> [Action item]: Restate the following data in its entirety, word for word and without images.

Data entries
-- Opening Marker --
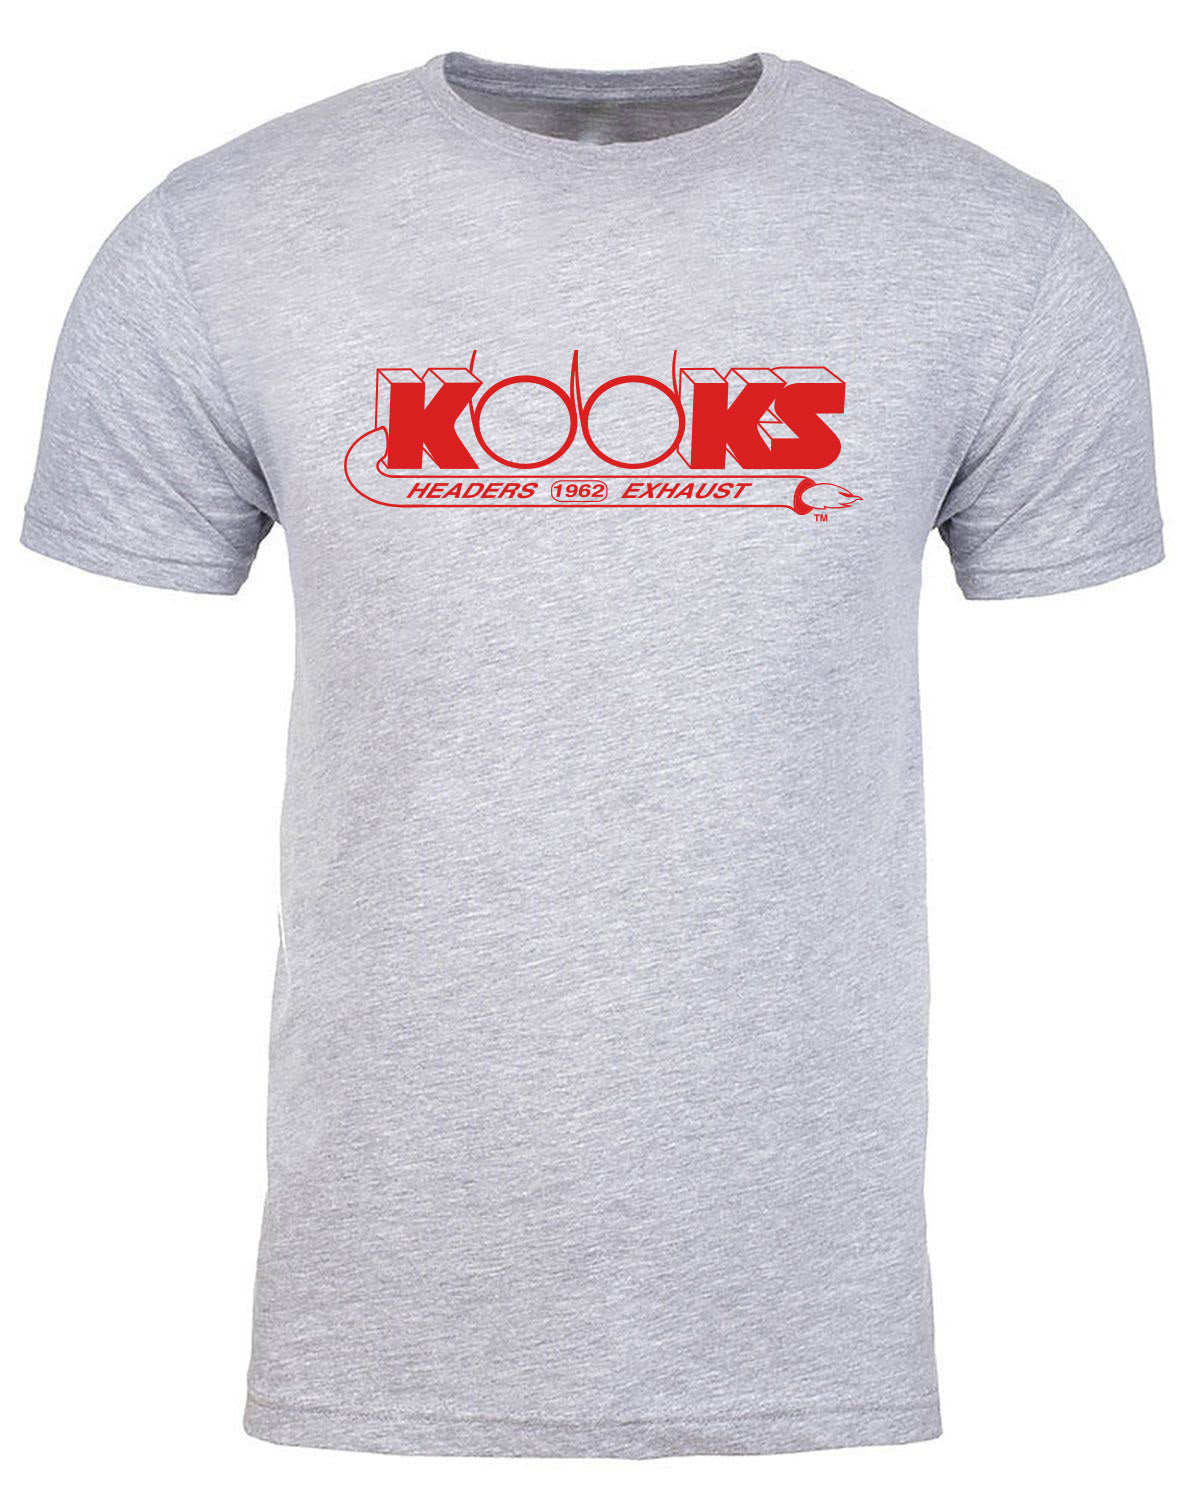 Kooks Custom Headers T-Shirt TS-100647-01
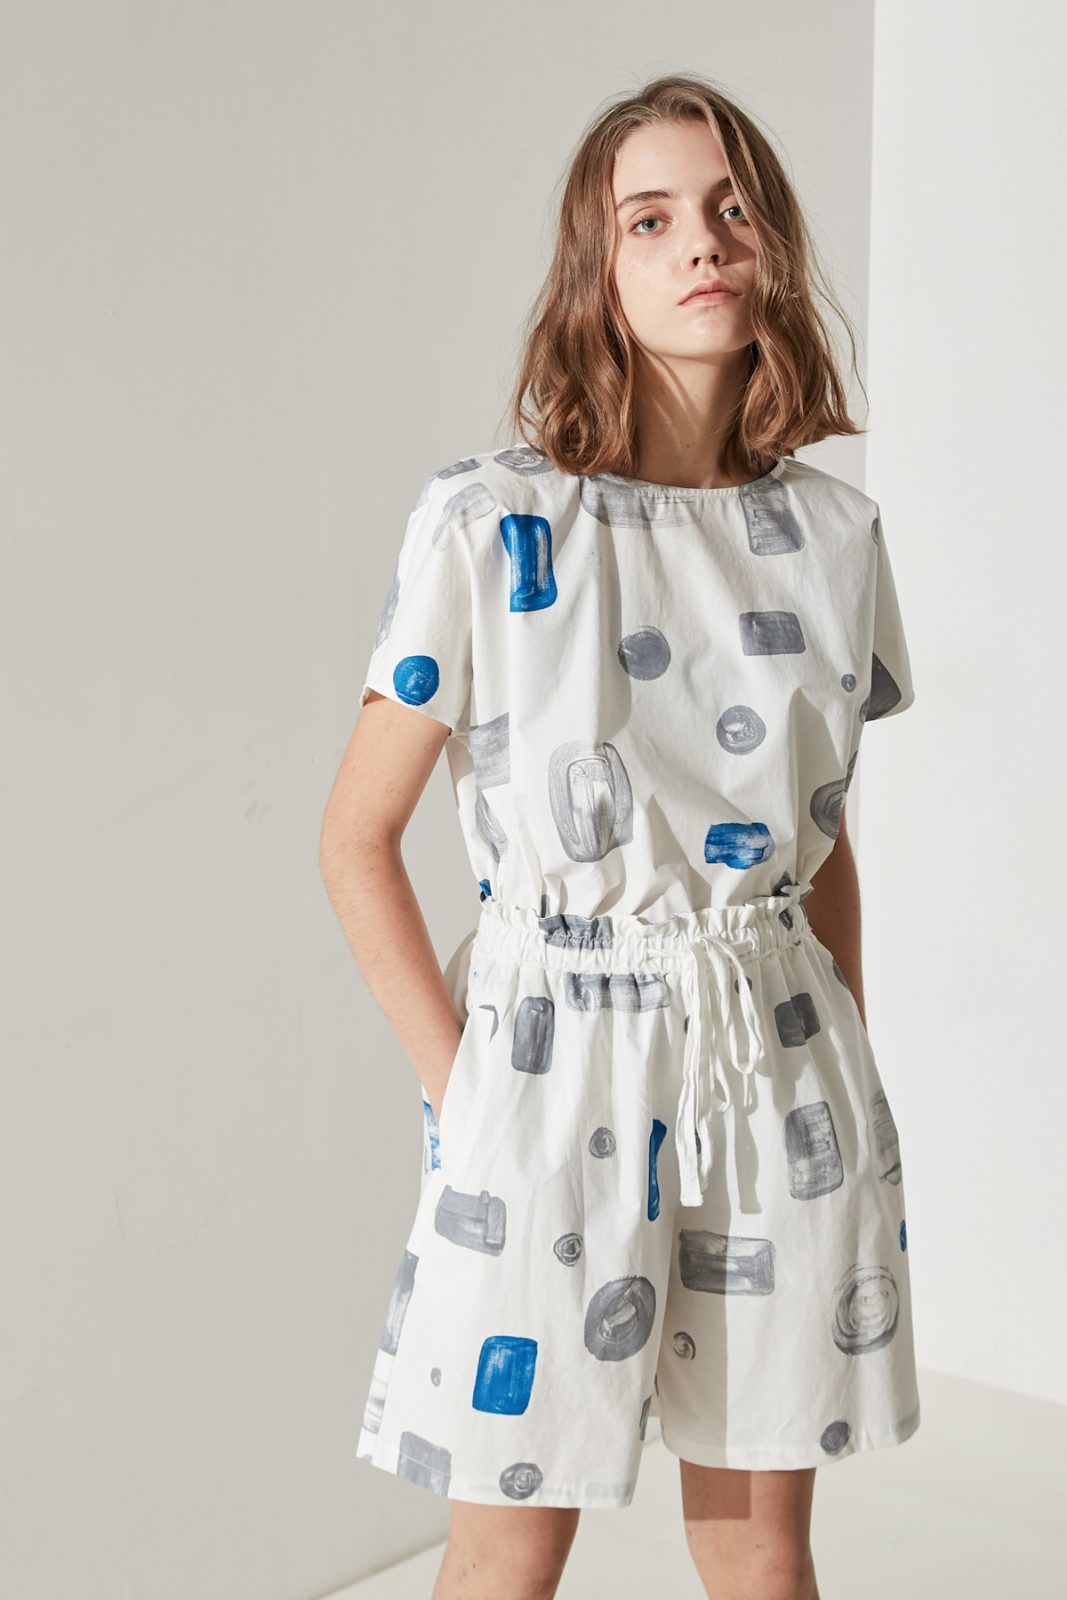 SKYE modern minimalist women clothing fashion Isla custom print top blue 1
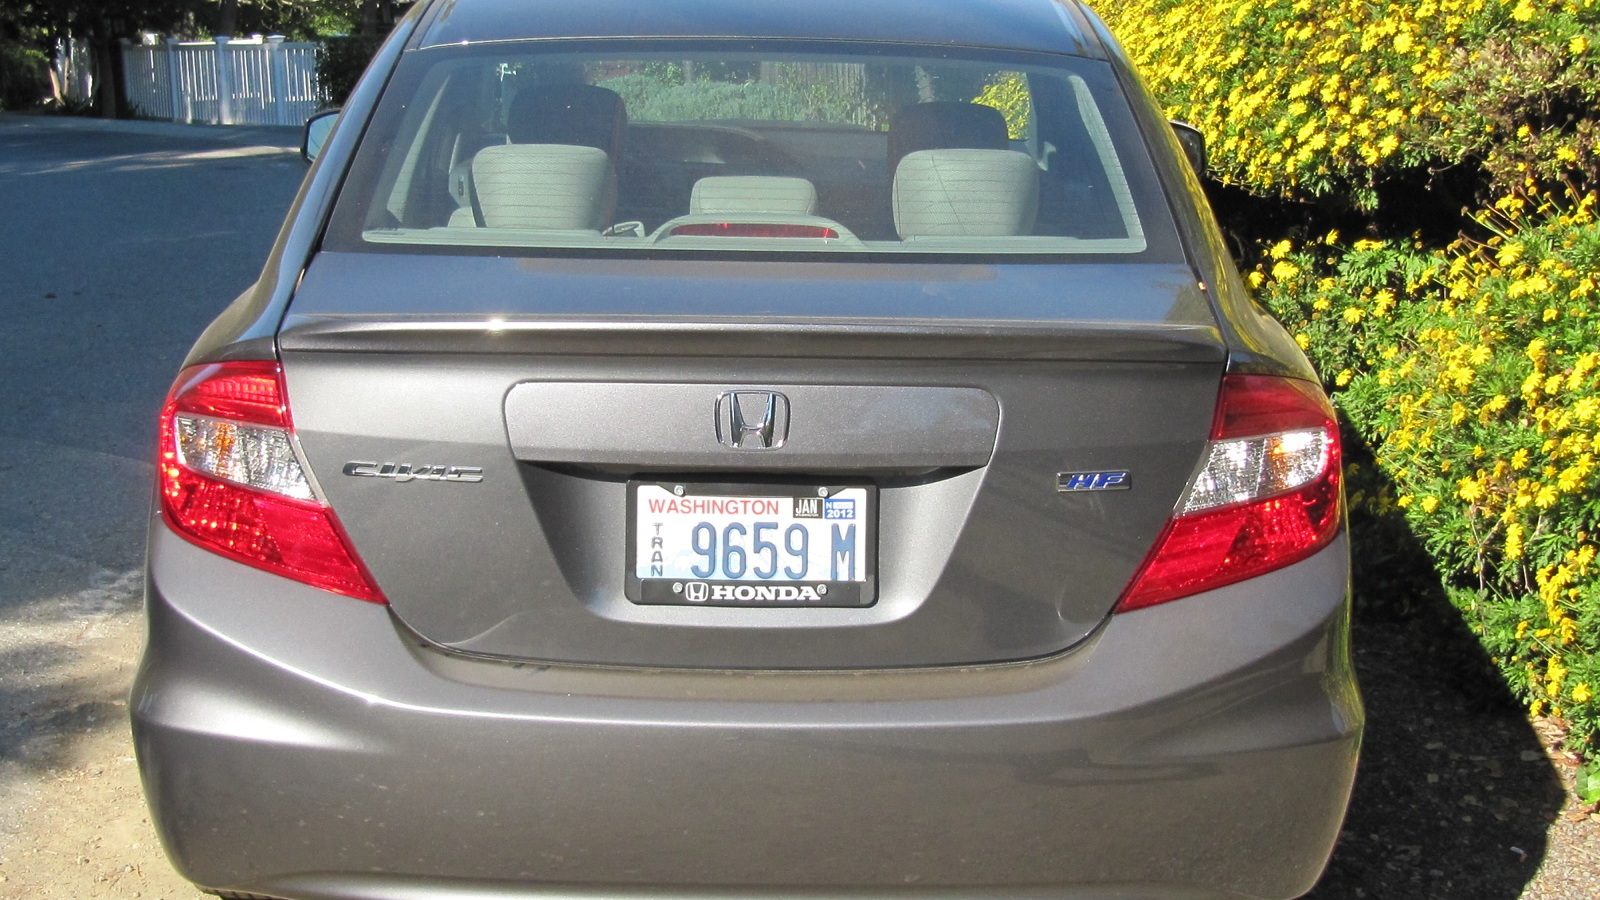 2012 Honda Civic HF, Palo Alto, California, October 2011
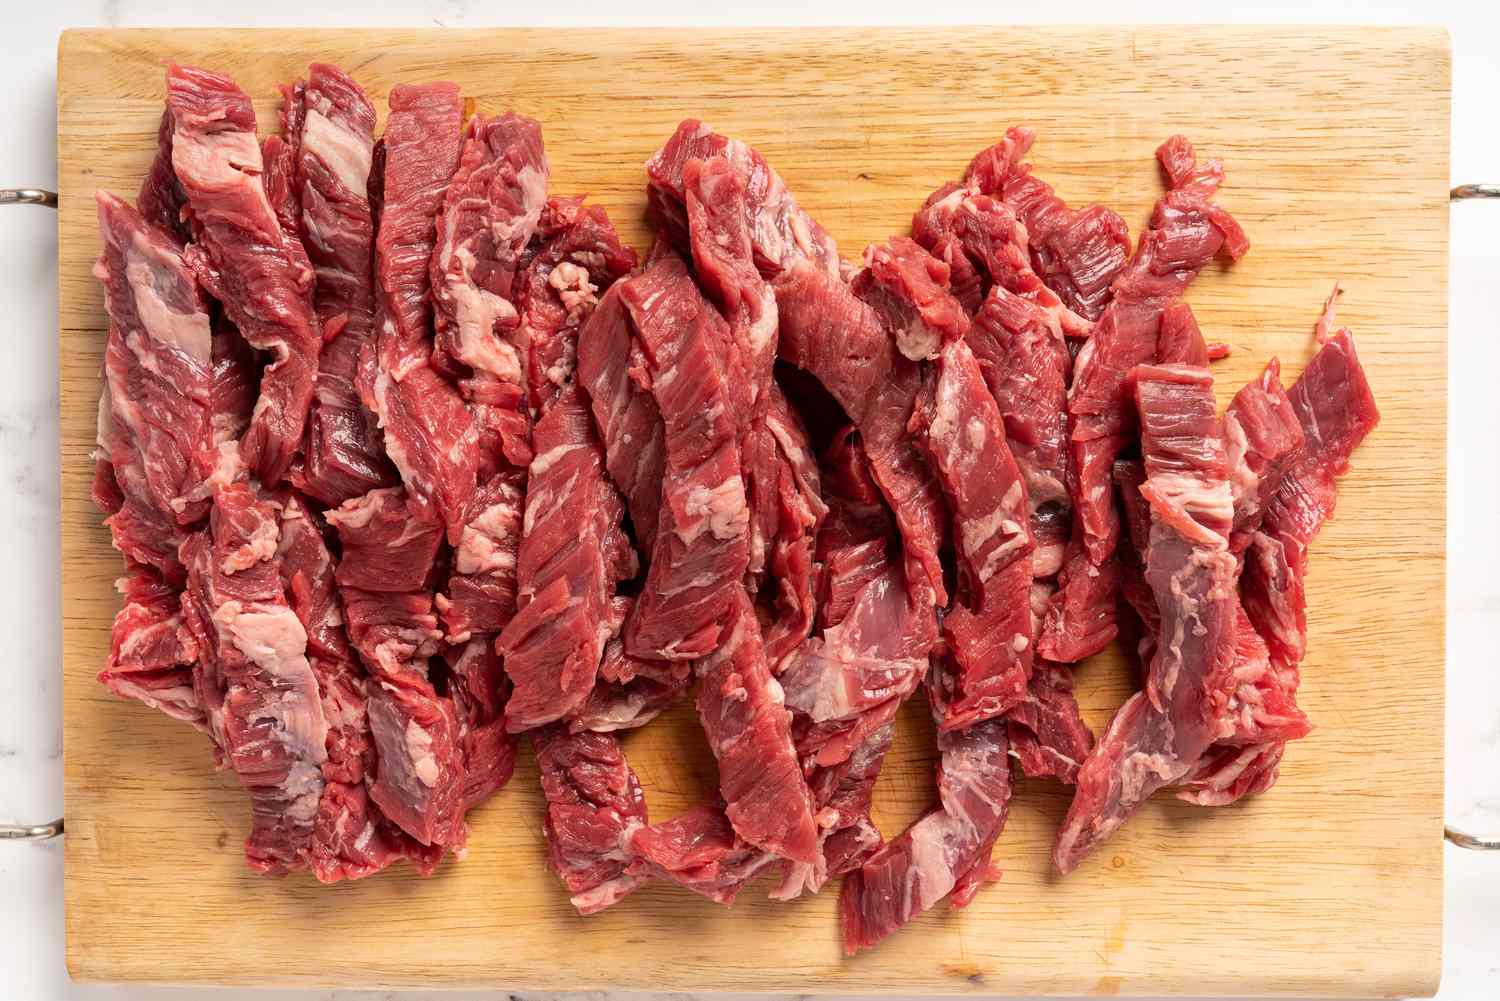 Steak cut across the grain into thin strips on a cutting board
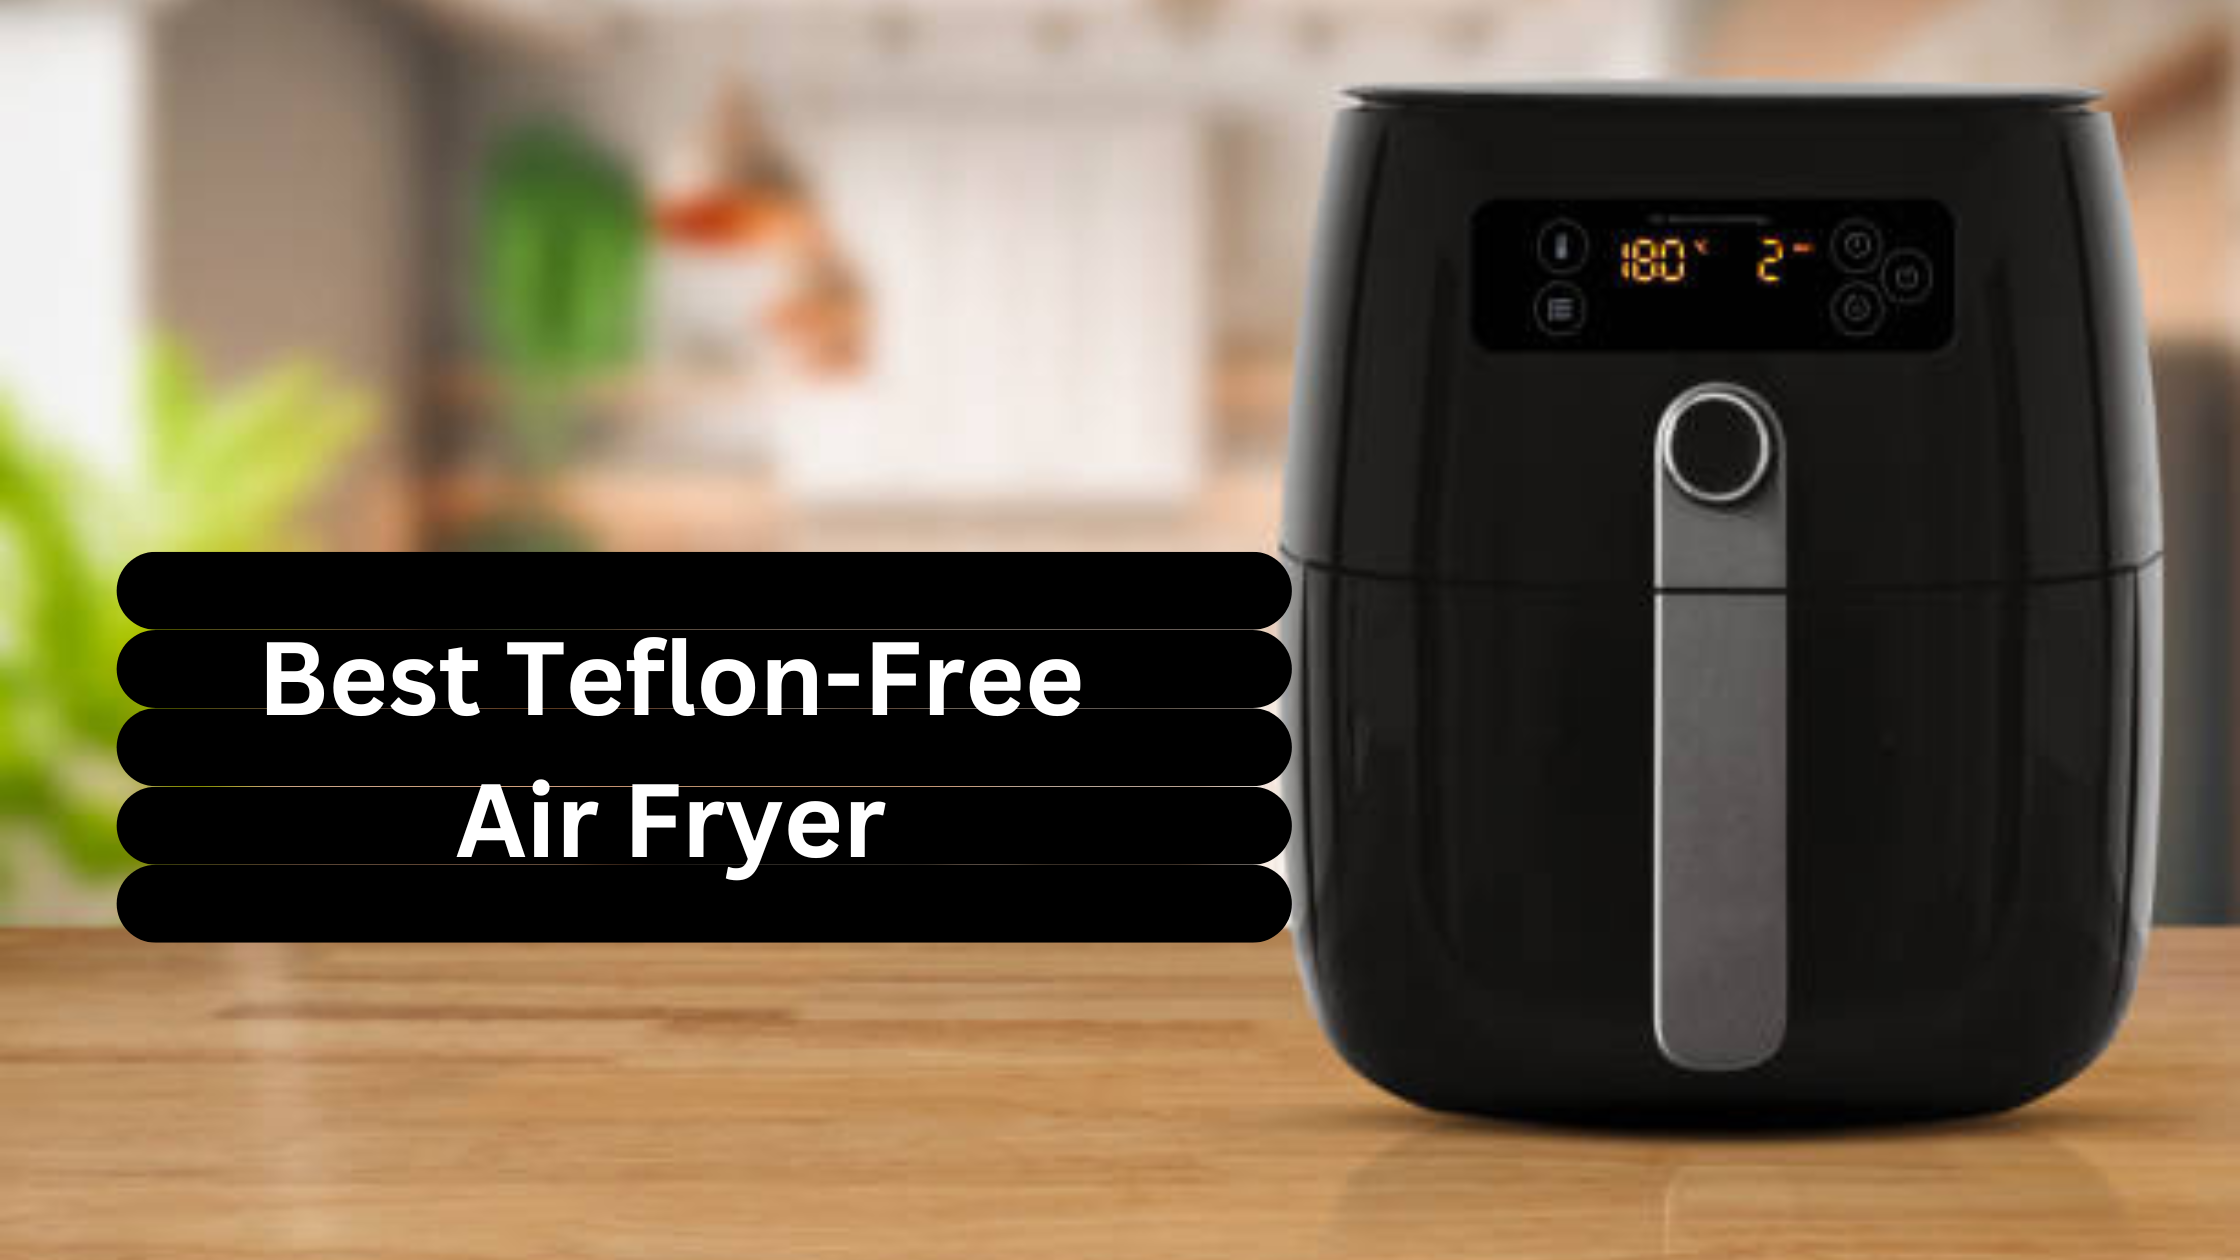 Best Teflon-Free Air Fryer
-- Closing Marker --
> [Solution below]:
 Kooks Custom Headers T-Shirt TS-100647-01
 SKYE modern minimalist women clothing fashion Isla custom print top blue 1
 2012 Honda Civic HF, Palo Alto, California, October 2011
 Steak cut across the grain into thin strips on a cutting board
 Best Teflon-Free Air Fryer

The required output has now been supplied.